Switch the deployment strategy based on external condition (PV type) #15168

marekjelen · 2017-07-12T16:31:54Z

Rolling strategy is not useful for for deployments with RWO PVs.

Version

oc v1.5.1+7b451fc
kubernetes v1.5.2+43a9be4
features: Basic-Auth

Steps To Reproduce

Create RWO PV
Assign the PV to a deployment with Rolling strategy

Current Result

When new deployment gets triggered, the deployment gets stuck.

Expected Result

The deployment strategy could be switched to Recreate to safe the user from the need to figure out the problem and then changing the strategy manually.

Additional Information

N/A

The text was updated successfully, but these errors were encountered:

mfojtik · 2017-07-13T10:54:24Z

@smarterclayton is it reasonable to emit a warning (event/condition/etc) saying that rolling with RWO will fail to roll? I don't think we should decide the strategy for the user automatically based on "external" inputs (like PVC type).

Also we can maybe fail the rollout before we actually create the deployer pod when we know in advance the rollout will fail (rolling + rwo).

@Kargakis @tnozicka FYI

0xmichalis · 2017-07-13T13:55:41Z

Agreed with @mfojtik - we already do a lot of magic with triggers in the spec. I thought oc status would already emmit a warning for rolling deployments with RWO volumes, @marekjelen isn't that the case?
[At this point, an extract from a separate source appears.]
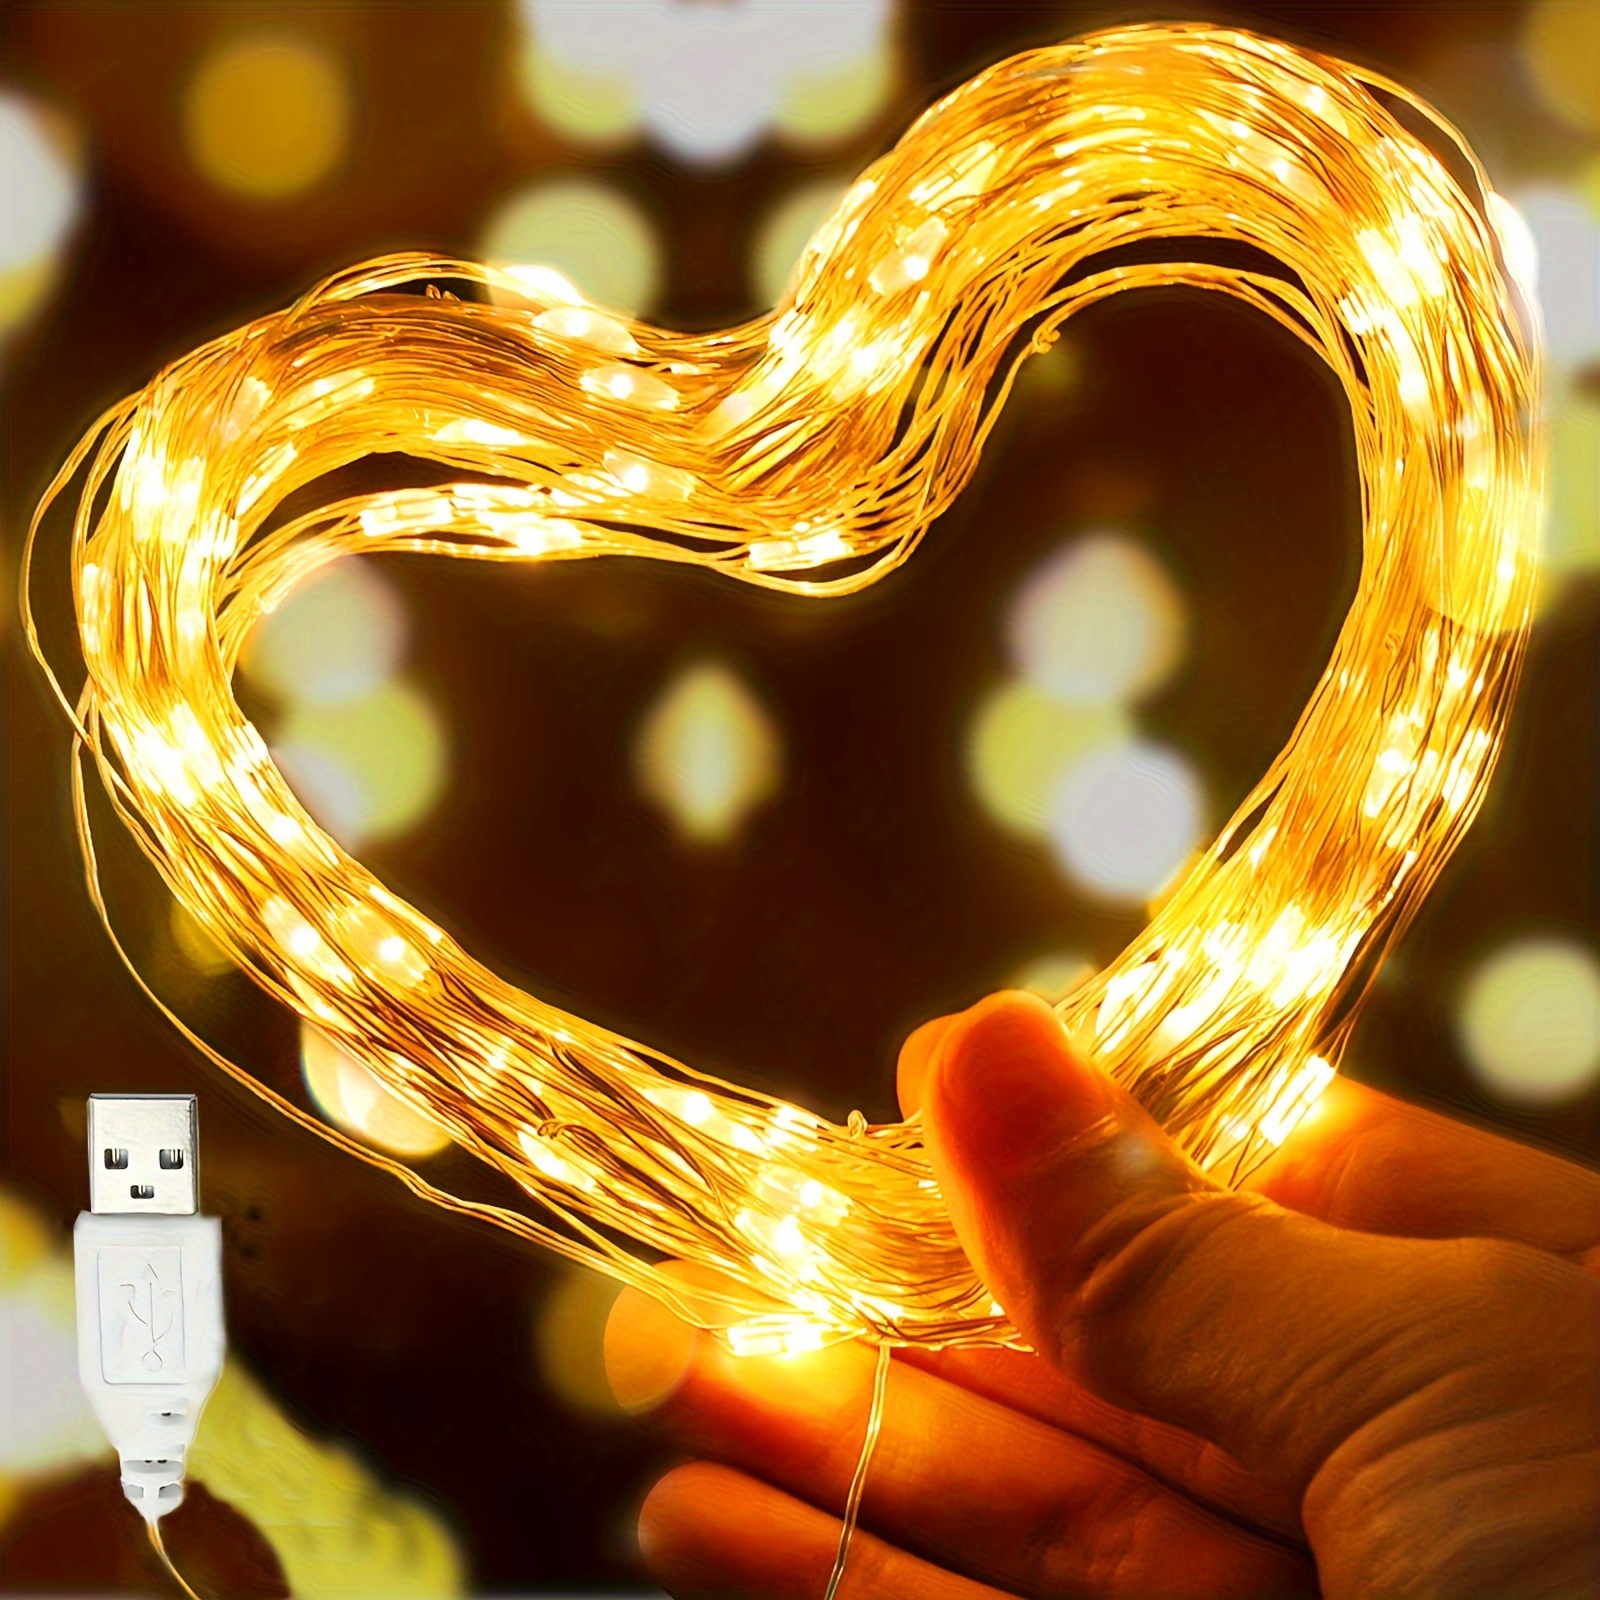 Acheter Guirlande lumineuse LED USB 100/50/25 pieds, ampoule en plastique  G40, 5V, 1W, étanche, pour l'extérieur, tente, Patio féerique, décoration  de mariage

mfojtik · 2017-07-13T13:57:09Z

@Kargakis how about web console? //cc @jwforres

0xmichalis · 2017-07-13T13:58:46Z

@mfojtik you meant to ask @jwforres @spadgett ;)

mfojtik · 2017-07-13T13:59:25Z

@Kargakis i corrected myself ;P

jwforres · 2017-07-13T14:09:02Z

I don't think the console is showing a special warning for this today, but sounds like something to consider if we know its always going to fail.

jwforres · 2017-07-13T14:10:33Z

The problem from the perspective of the Overview is that we don't get PVC details at all today. PVCs are relatively stable, might be something we could just list, or slow poll. @spadgett probably other things we could be showing relative to PVCs used by deployments, like this deployment config references PVCs that are not bound?

mfojtik · 2017-07-13T14:15:13Z

@jwforres as far as i remember when the RWO volumes are bound to a DC with rolling strategy we fail but the error is hidden in events and it is not really clear ;-) (you get some nasty storage error)...

Maybe time for:

:-) "Looks like you have RWO volume with rolling strategy, do you want to change it?"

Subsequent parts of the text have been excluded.